# Another bang on the window



## JanHank (Mar 29, 2015)

A green finch thought he could fly in, picked him up, caged him for an hour and then he flew away :grin2:


----------



## raynipper (Aug 4, 2008)

Sadly the last two birds that hit our conservatory never recovered. A blue tit and finch. Plus now and again I find a bunch of feathers below a certain tree where I assume a sparrow hawk or similar likes to devour it's kill.

Ray.


----------



## HurricaneSmith (Jul 13, 2007)

We occasionally have bird strikes, but the birds all seem to survive. 

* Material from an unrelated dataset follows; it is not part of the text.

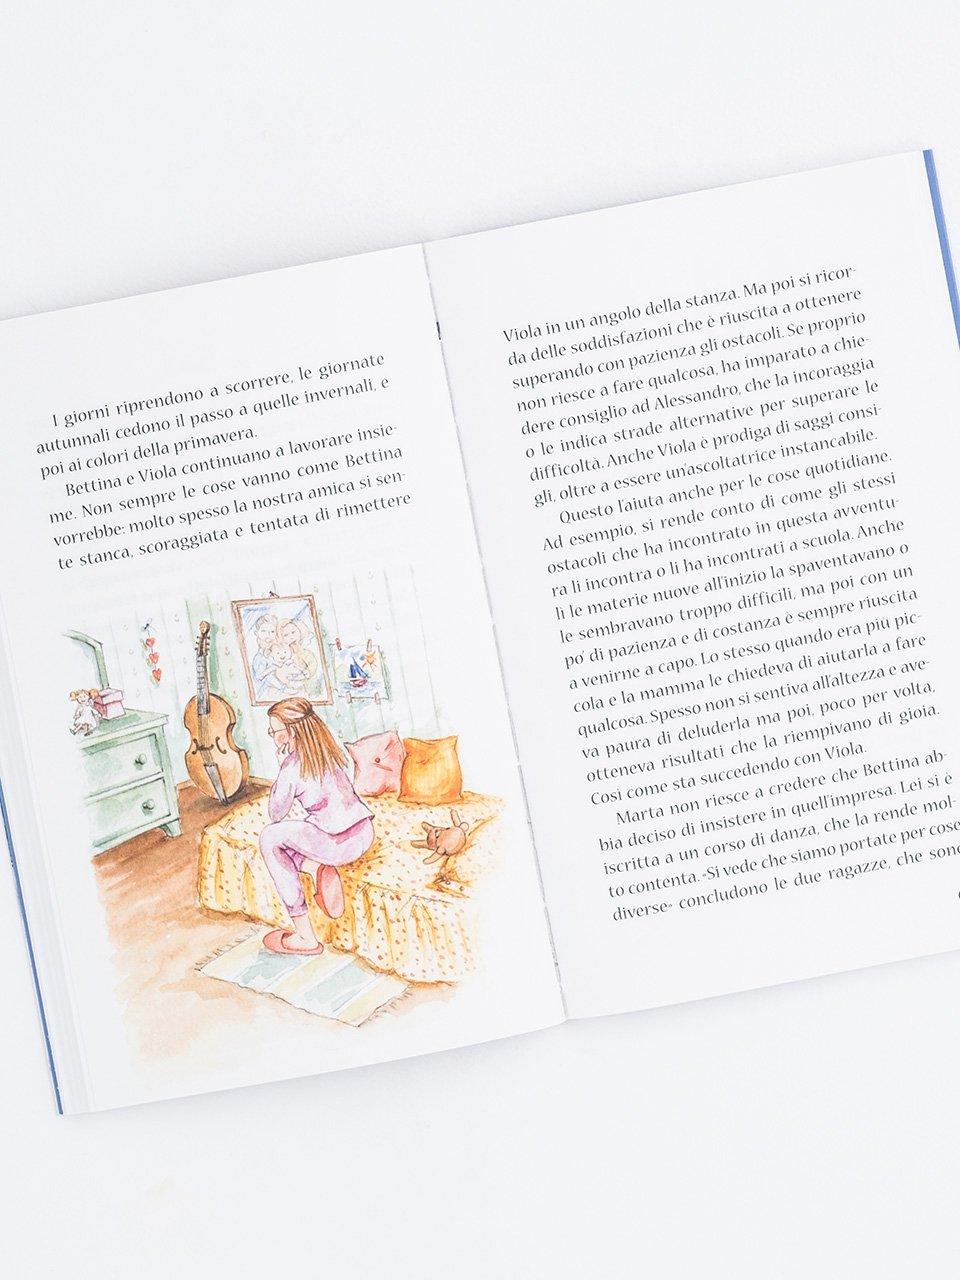 Le favole che fanno crescere - Volume 2 - Libri - Erickson 2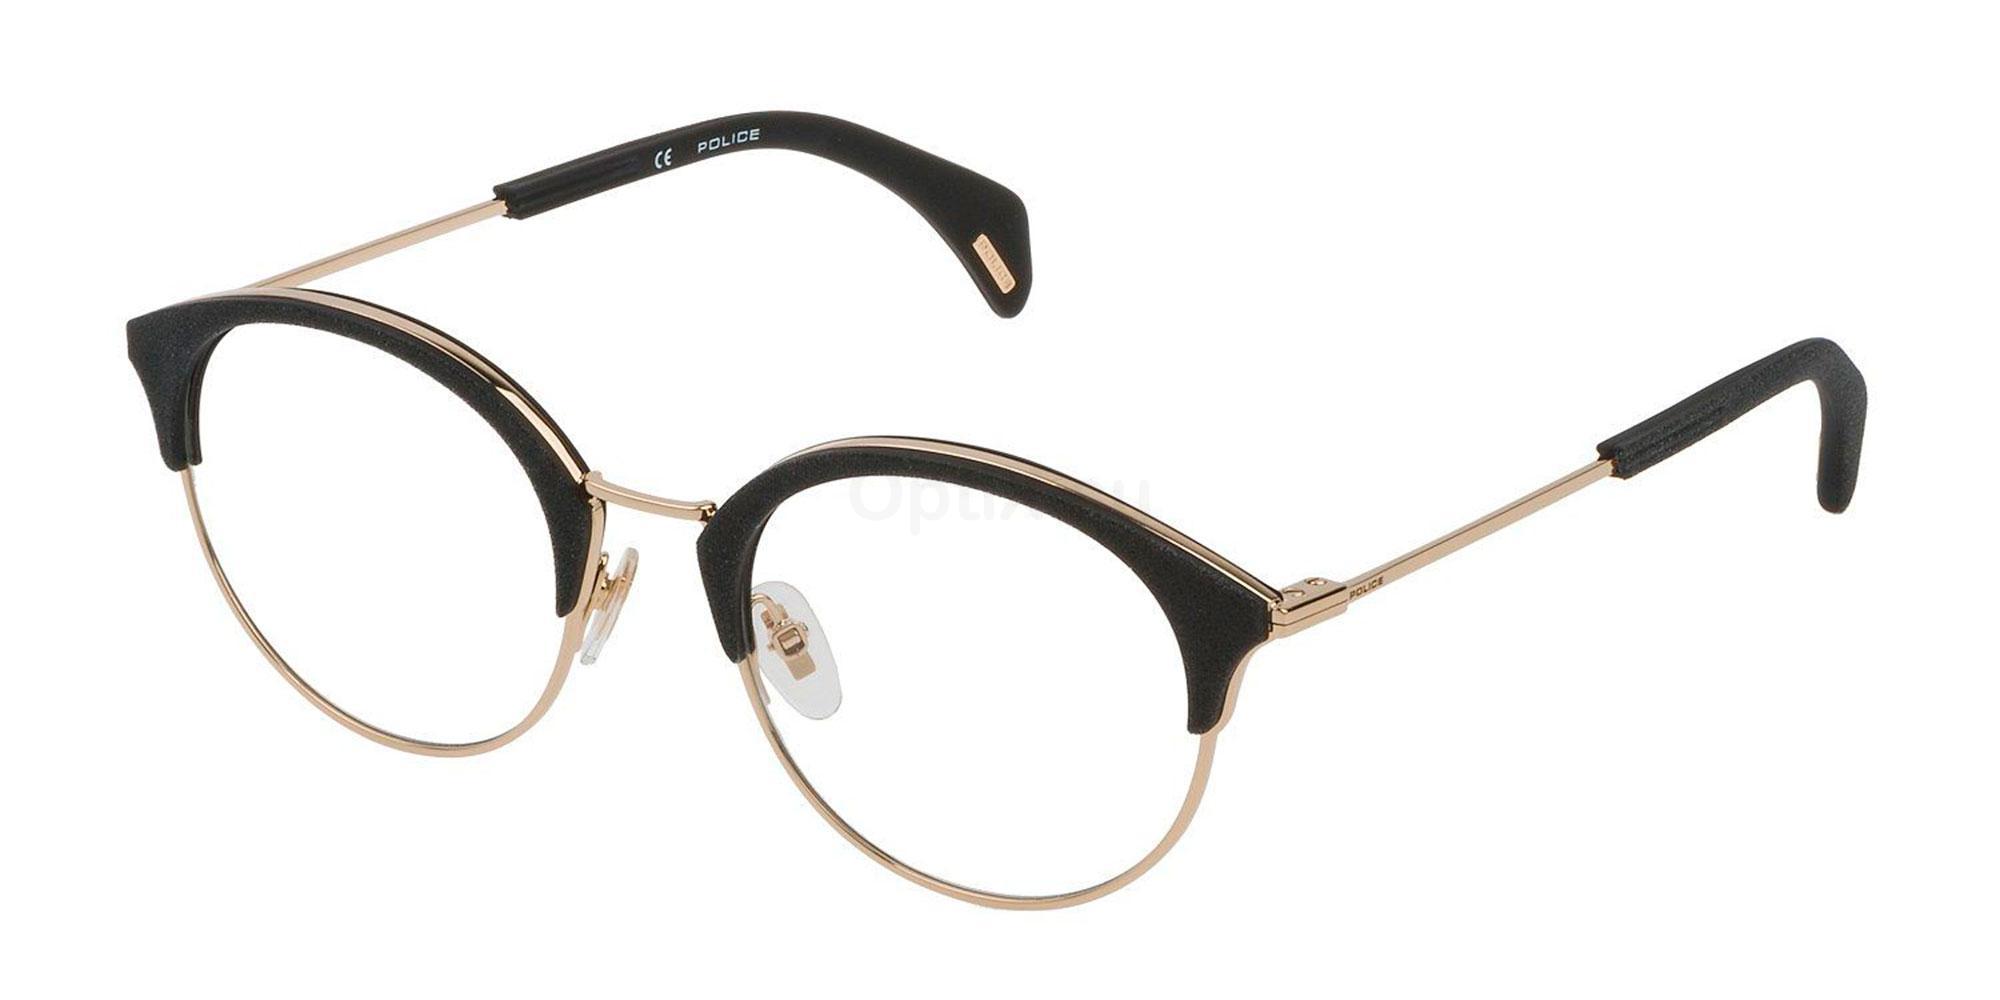 0300 VPL730 Glasses, Police

Recently, a bluetit sat stunned on a patio for a couple of hours. We watched to make sure a predator didn't take it and happily, it finally flew away.
.


----------



## JanHank (Mar 29, 2015)

HurricaneSmith said:


> We occasionally have bird strikes, but the birds all seem to survive.
> 
> Recently, a bluetit sat stunned on a patio for a couple of hours. We watched to make sure a predator didn't take it and happily, it finally flew away.
> .


We wouldn't dare do that here John, there are so many cats. Last night as I was closing the curtains a beautiful white cat sat just outside the window gazing up to me and cats are in our garden every day. The budgie cage comes in very handy, special cover over the top so the birdie can take a nap.:grin2:


----------



## raynipper (Aug 4, 2008)

WE do prefer birds as visitors and not this that just crawled out of the bedding plants. Ray.


----------



## JanHank (Mar 29, 2015)

We had 2 of those a few years back, one was in the workshop and was a devil to catch, the other was just sliding in through the door, no time to think, grabbed his tail and threw it backwards, it landed on the grass and slid away. Probably a stork had dropped them.

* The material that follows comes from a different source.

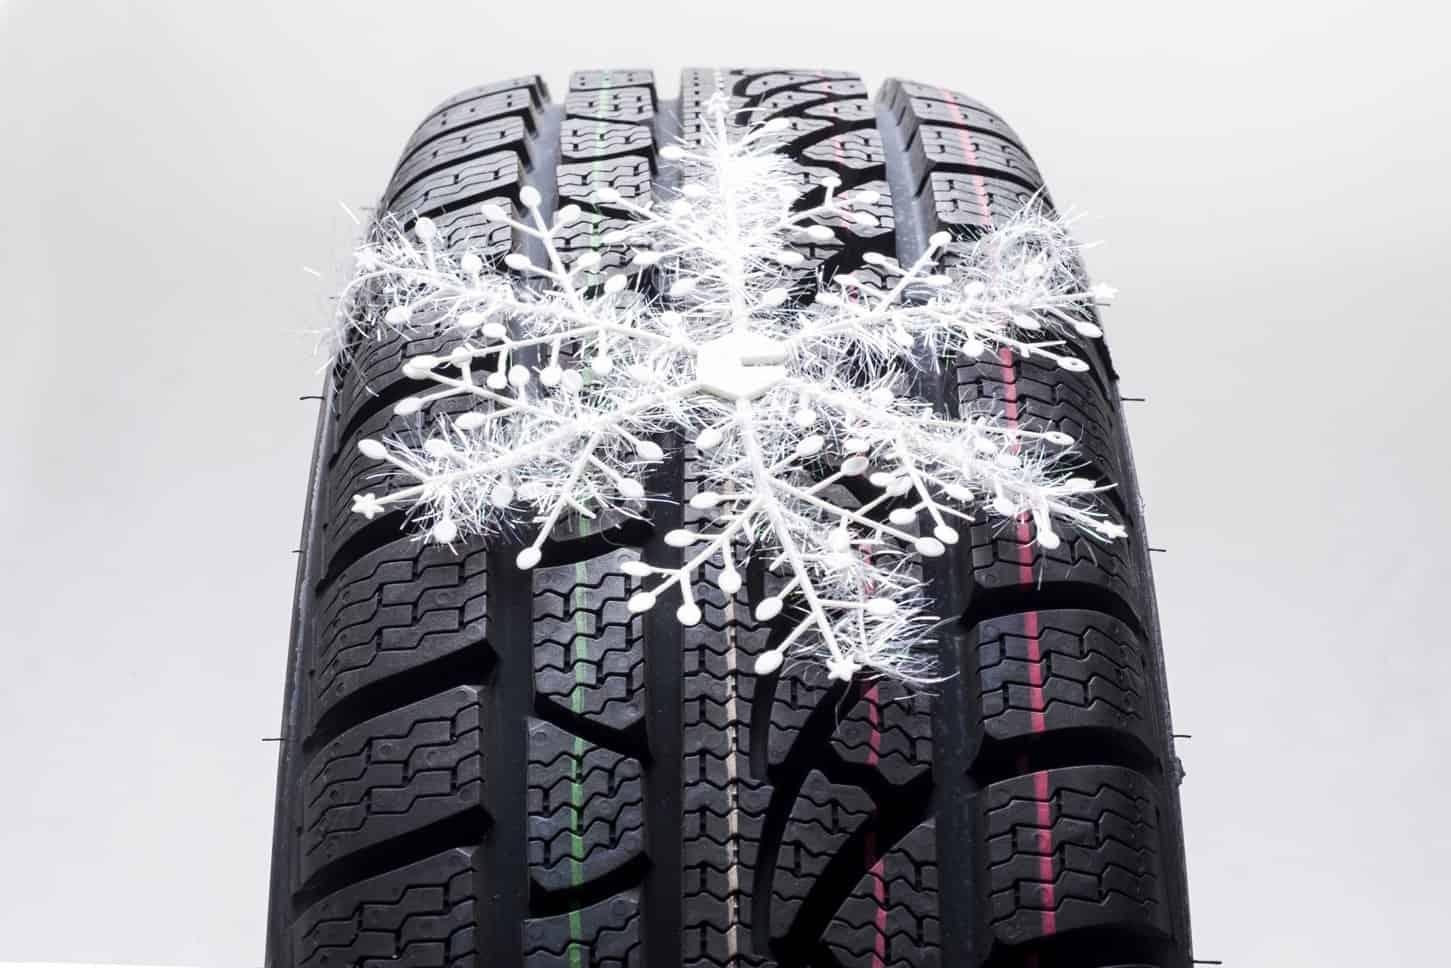 Gli pneumatici invernali superano specifici test che garantiscono la massima prestazione su neve, ghiaccio, bagnato e a basse temperature.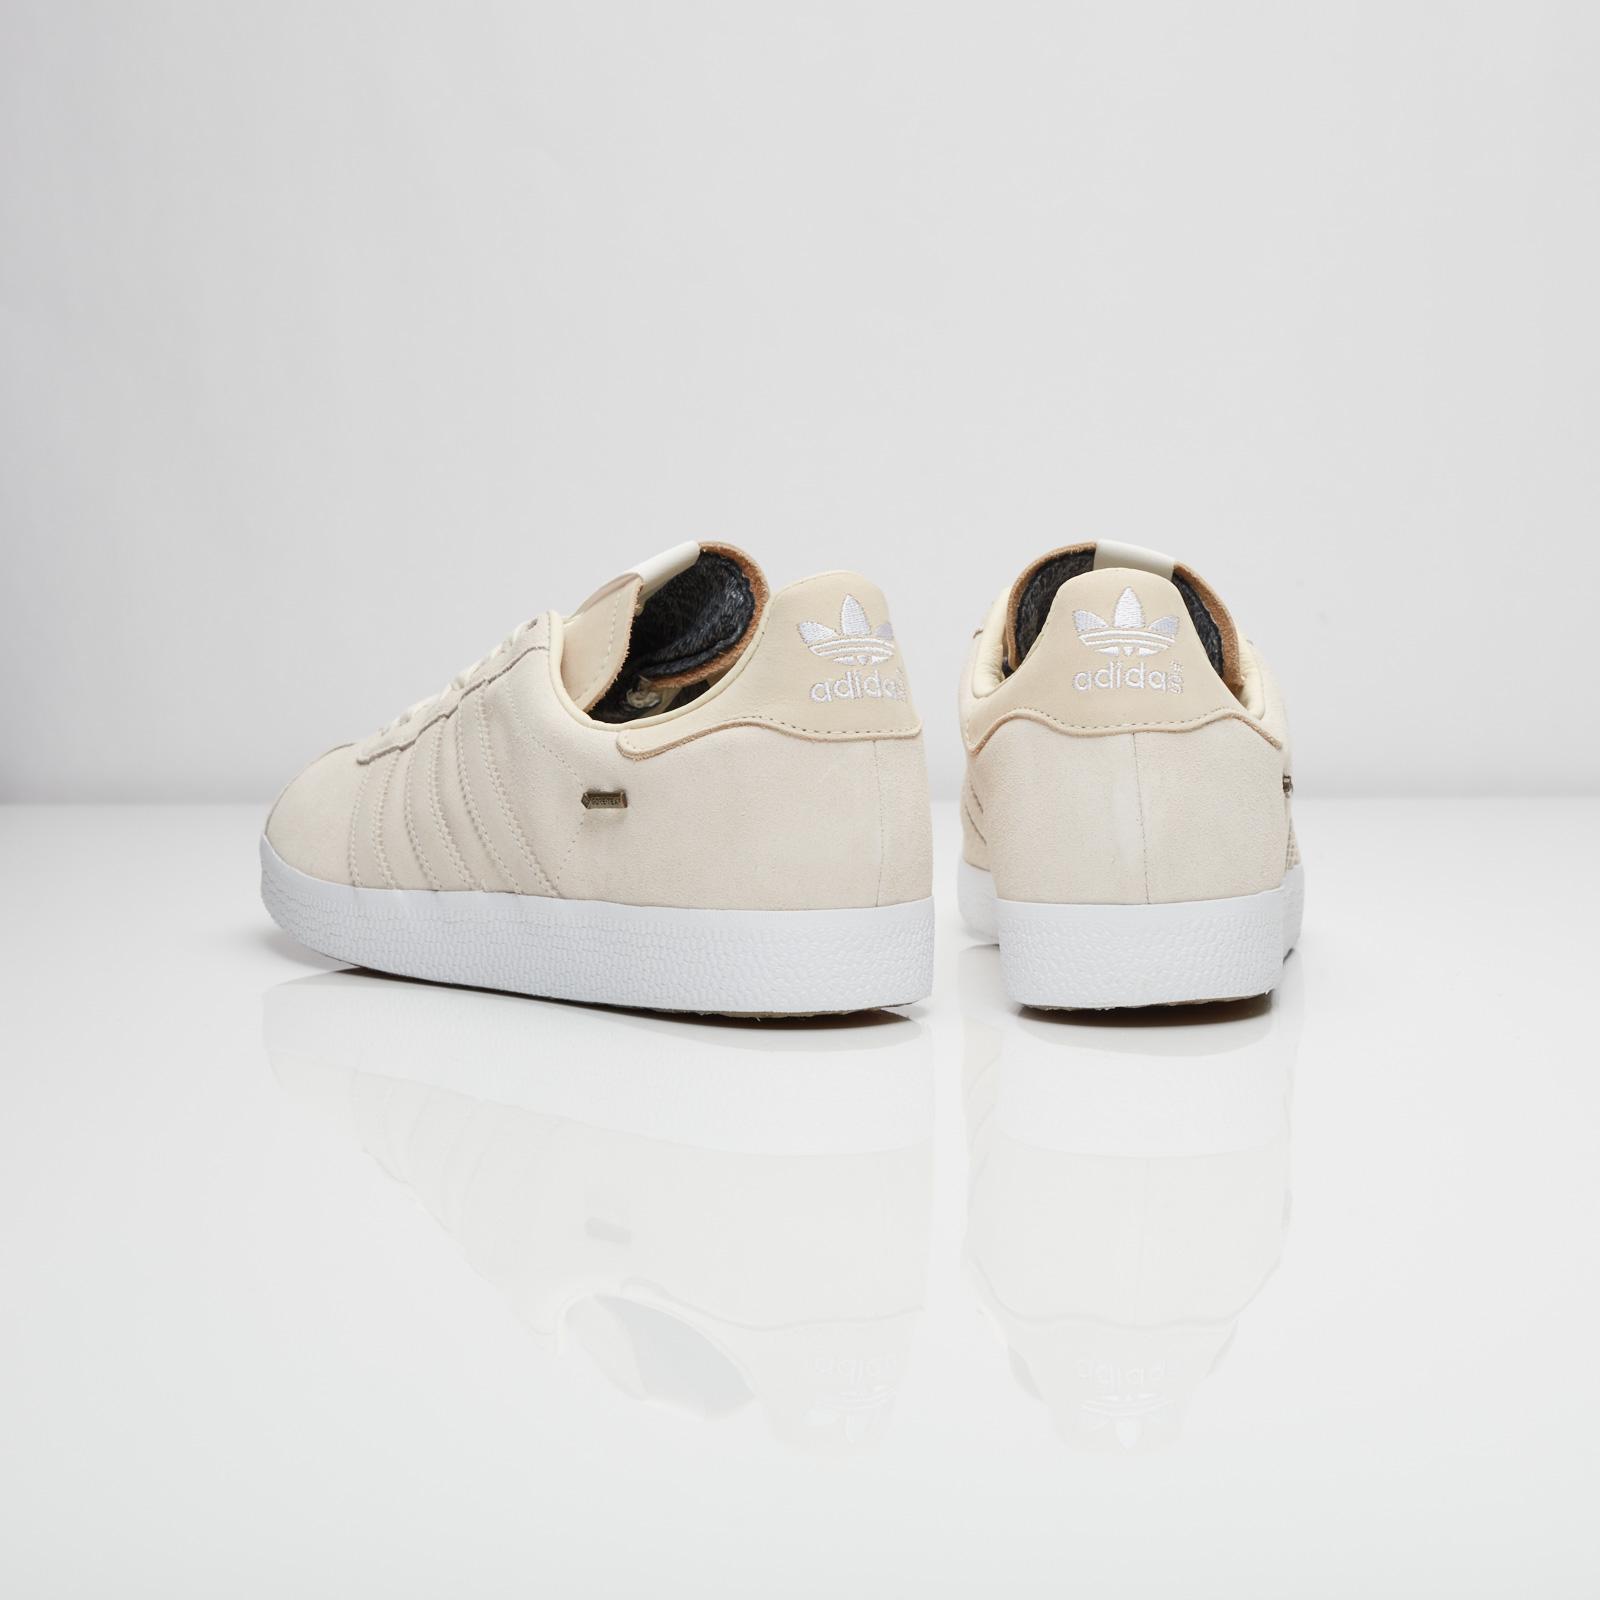 adidas Gazelle GTX

Had a stork storking across our back garden at 4.30 this morning.


----------



## raynipper (Aug 4, 2008)

This is the third one we have come across in the garden in 20+ years. I put it in a bucket and took it to a small copse about 400m away. Trouble is they might come back like homing adders. My wife says she wants to move. But I pointed out they have adders in UK.

Ray.


----------